Shares of EPack Durable declined over 8% on Thursday, May 21, after the company reported a sharp fall in quarterly profit and weaker full-year earnings performance.

The stock fell 8.28% to Rs 237.75 on the NSE after the company announced its Q4 FY26 results.

EPack Durable reported consolidated revenue from operations of Rs 591 crore for the March quarter, down 8.3% from Rs 643.2 crore reported in the corresponding quarter last year.

The company’s net profit declined sharply to Rs 0.02 crore in Q4 FY26 compared to Rs 37.7 crore in Q4 FY25. Profit before tax also dropped significantly to Rs 1 crore from Rs 51.5 crore a year ago.

The weak earnings performance was driven by higher operating expenses, elevated raw material costs and lower operating profitability during the quarter.

Total expenses during Q4 FY26 increased to Rs 590.8 crore compared to Rs 423.1 crore in the previous quarter. Raw material and inventory-linked costs remained high, with cost of materials consumed standing at Rs 567 crore.

Other expenses also increased sharply to Rs 33 crore from Rs 22.8 crore in Q3 FY26, while employee benefit expenses rose to Rs 19.6 crore from Rs 16.8 crore sequentially.

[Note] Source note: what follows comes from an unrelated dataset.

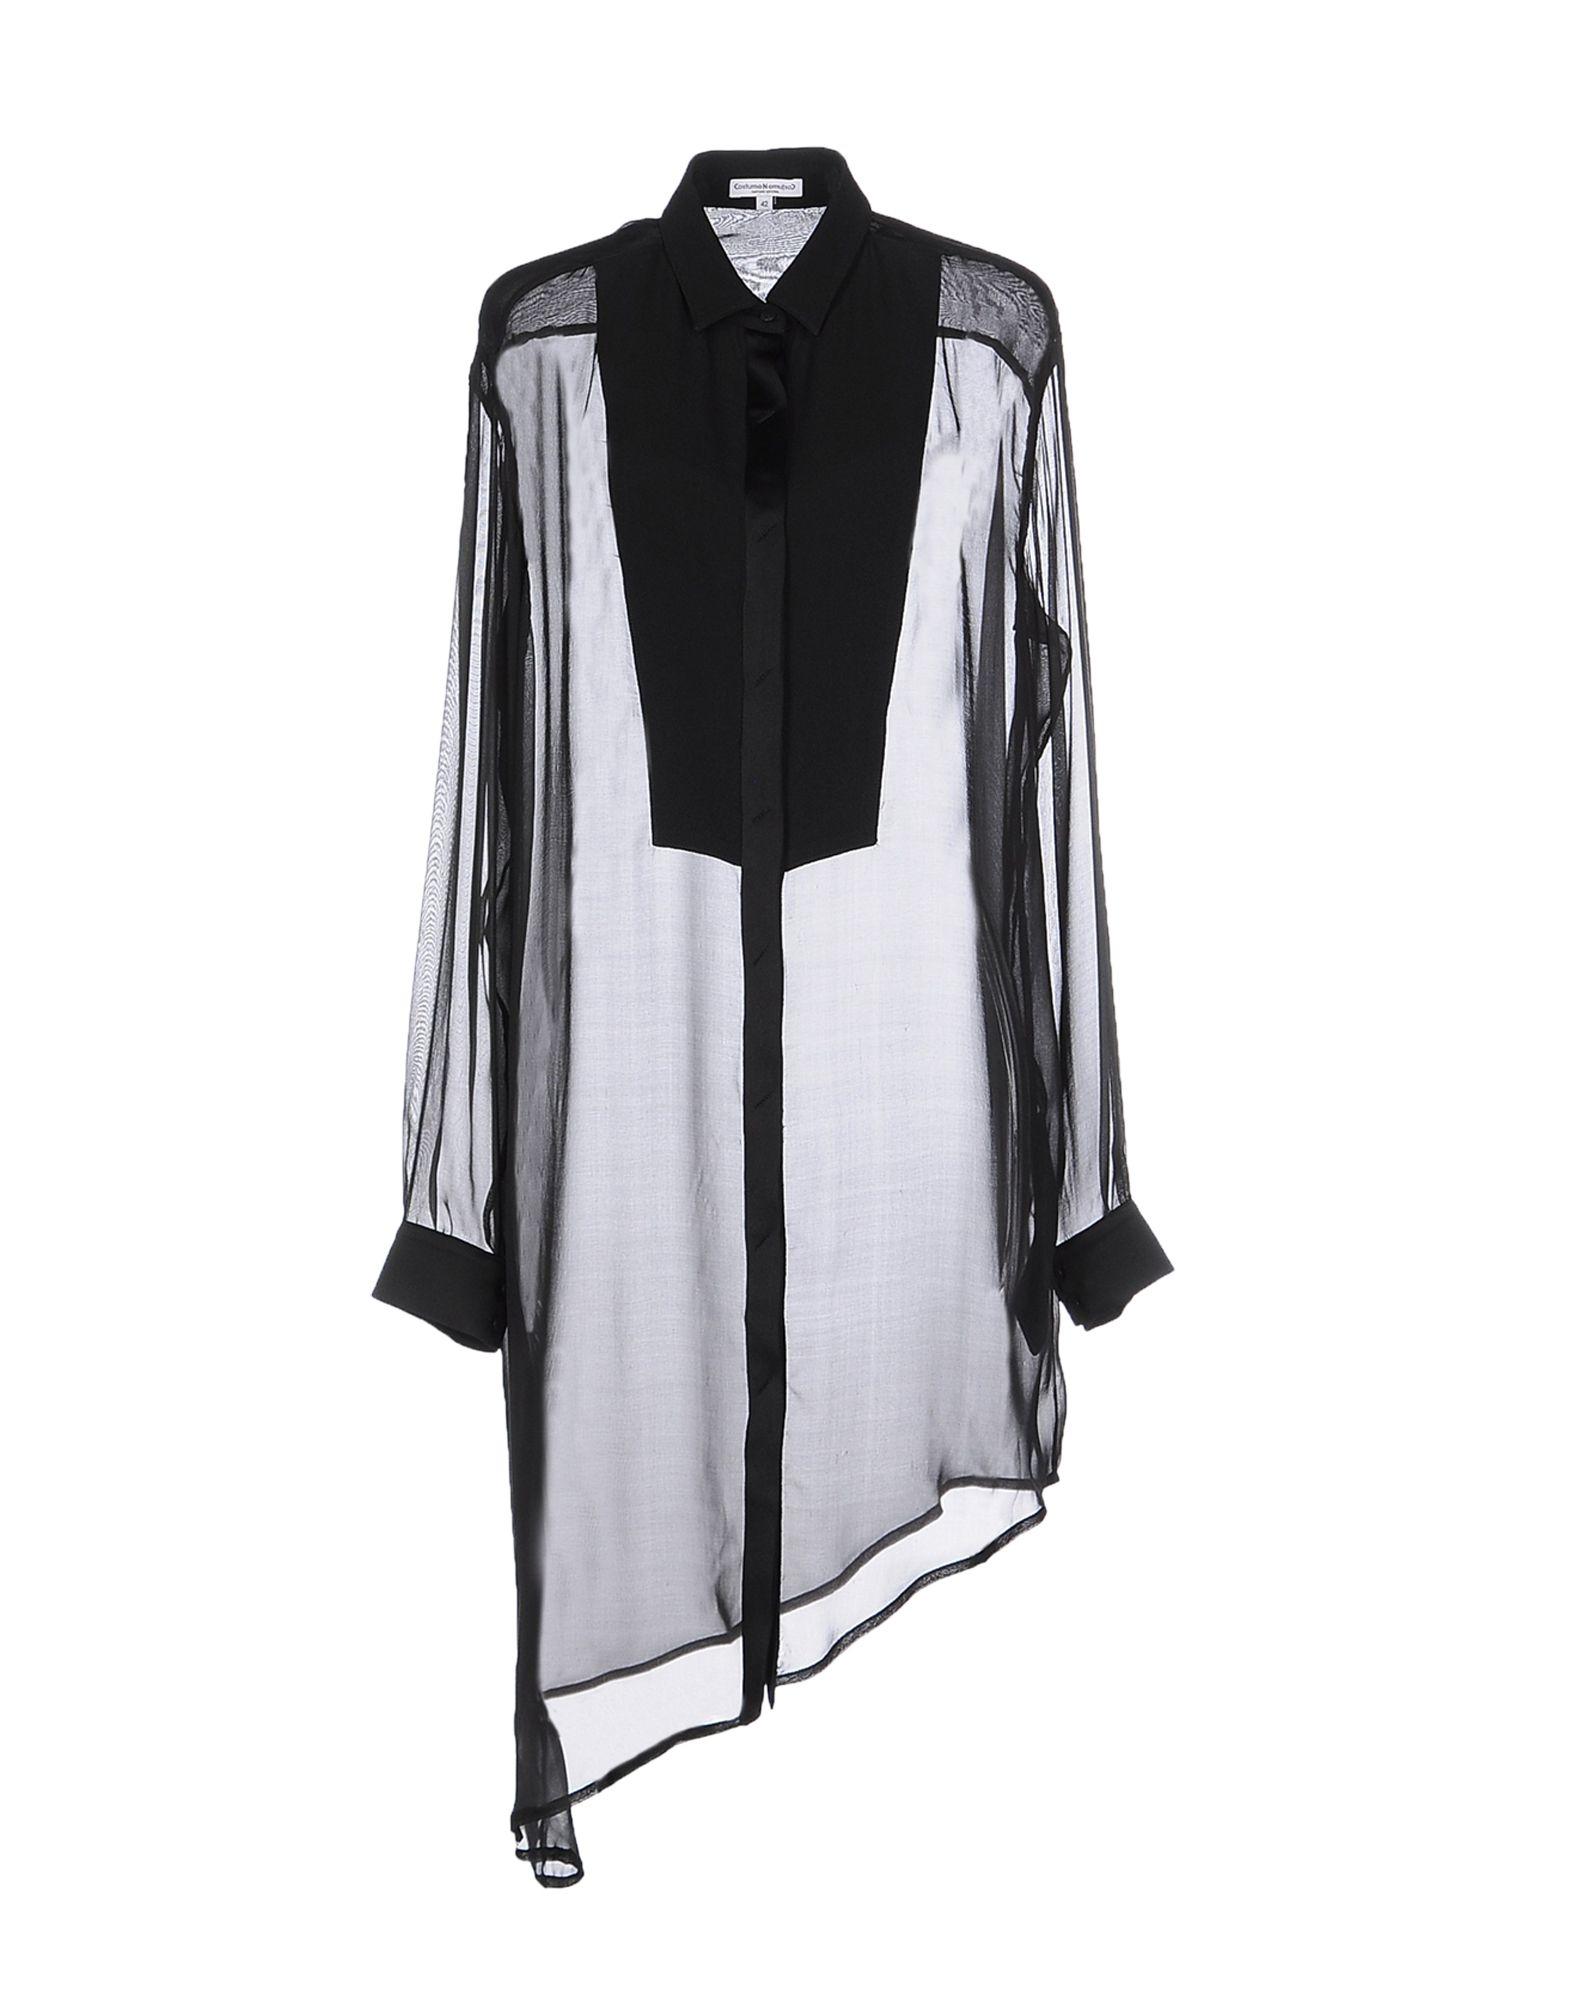 Camicie E Bluse In Seta Costume Nemutso Donna - Acquista online su yB5Tushgs
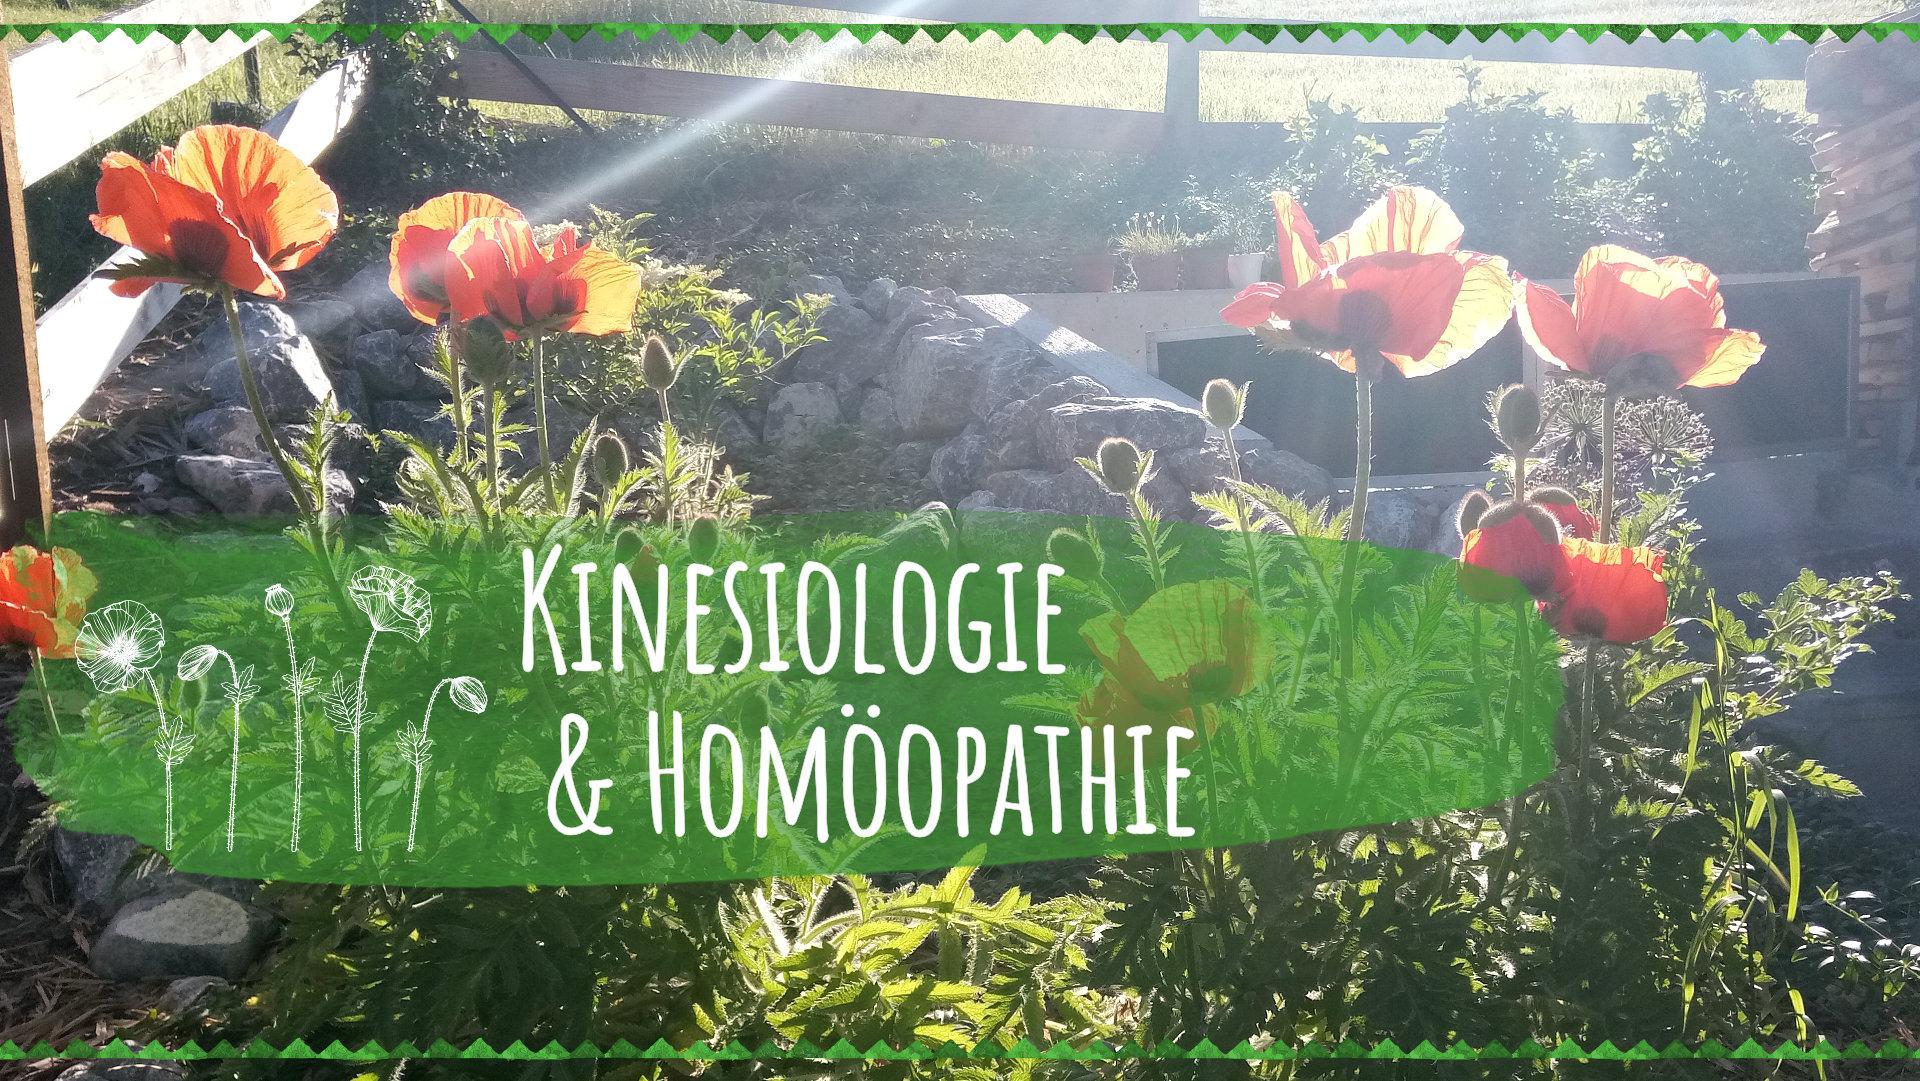 kinesiologie_homoeopathie

The company additionally reported a share of loss from joint venture operations amounting to Rs 2.2 crore during the quarter.

Despite the weak year-on-year performance, revenue improved sequentially by 38% from Rs 428 crore reported in Q3 FY26.

For the full financial year FY26, EPack Durable reported consolidated revenue from operations of Rs 1,894 crore, down 13% from Rs 2,171 crore in FY25.

Annual net profit also declined sharply to Rs 3.3 crore from Rs 55.1 crore reported in the previous financial year, while profit before tax fell to Rs 8.8 crore from Rs 74 crore.

The company continued to invest in manufacturing capacity expansion and fixed assets during the year. Acquisition of property, plant, equipment and capital work-in-progress stood at Rs 314.3 crore during FY26.

Total assets increased to Rs 2,506 crore as of March 31, 2026, while total equity rose to Rs 960.3 crore.

The sharp decline in profitability and pressure on operating margins weighed on investor sentiment, leading to selling pressure in the stock during Thursday’s session.